For all the buzz surrounding the need for greater agility, networks remain stubbornly difficult to manage. While we’ve clearly seen advances in software-defined networking (SDNs), the vast majority of network administrators don’t have the programming skills needed to manage an SDN environment, even if they could figure out how to deploy and maintain one.

Stepping into the void that currently exists between proponents of greater IT agility and networking, Brocade today unveiled a Brocade Workflow Composer application for automating the management of multiple networks.

Rather than relying on an SDN to achieve network agility, Patrick LaPorte, director of marketing for network automation at Brocade, says Brocade is making use of an event-driven platform it gained when it acquired StackStorm earlier this year, as well as open source IT automation software from Puppet, Docker containers and the Python programming language to create an application that network managers can use to reduce the amount of time it takes to provision networks and remediate issues without having to learn how to program.

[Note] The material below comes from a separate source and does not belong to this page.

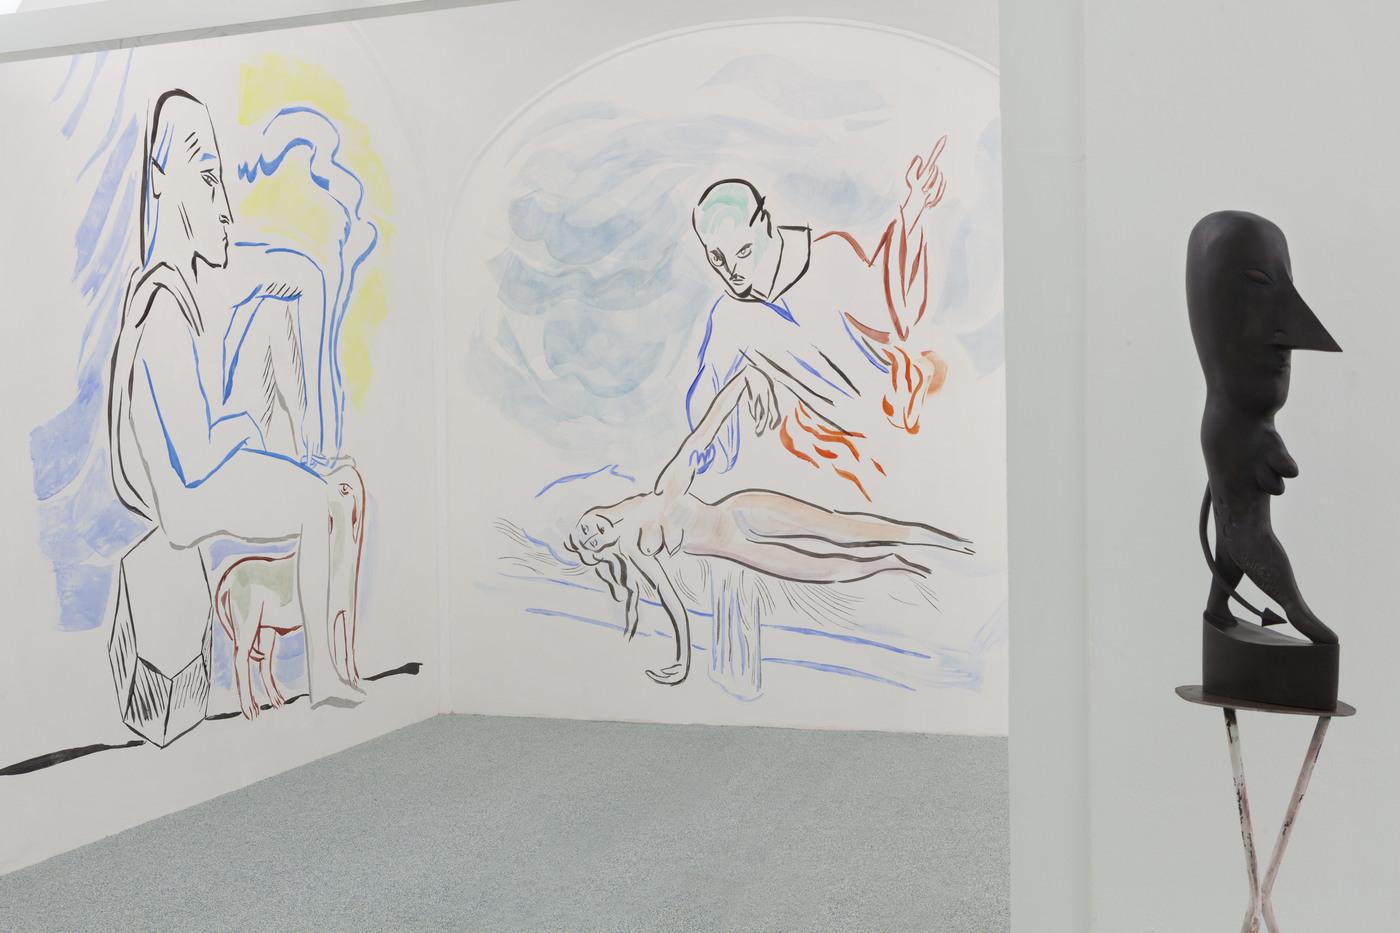 17. Camille Henrot, Monday. Installation view, Fondazione Memmo, Rome, 2016. jpg

LaPorte says that Brocade Workflow Composer not only sports open application programming interfaces (APIs) at all levels, it’s extensible beyond the Brocade portfolio of networking equipment. In addition, Brocade has included over 1,900 customizable integration points for popular platforms and applications such as Linux, Windows, vSphere, AWS, Azure, CloudFoundry, OpenStack, Docker, Kubernetes, CoreOS, FireEye, New Relic, Sensu, Splunk, ChatOps, PagerDuty and VictorOps.

SDNs will ultimately be widely deployed across most IT organizations, but it’s going to take a while before they become the default networking environment. In the meantime, many of the goals associated with deploying SDNs can be achieved sooner by relying more on automation tools to eliminate most of the manual processes associated with managing existing networks that are not likely to go away any time soon.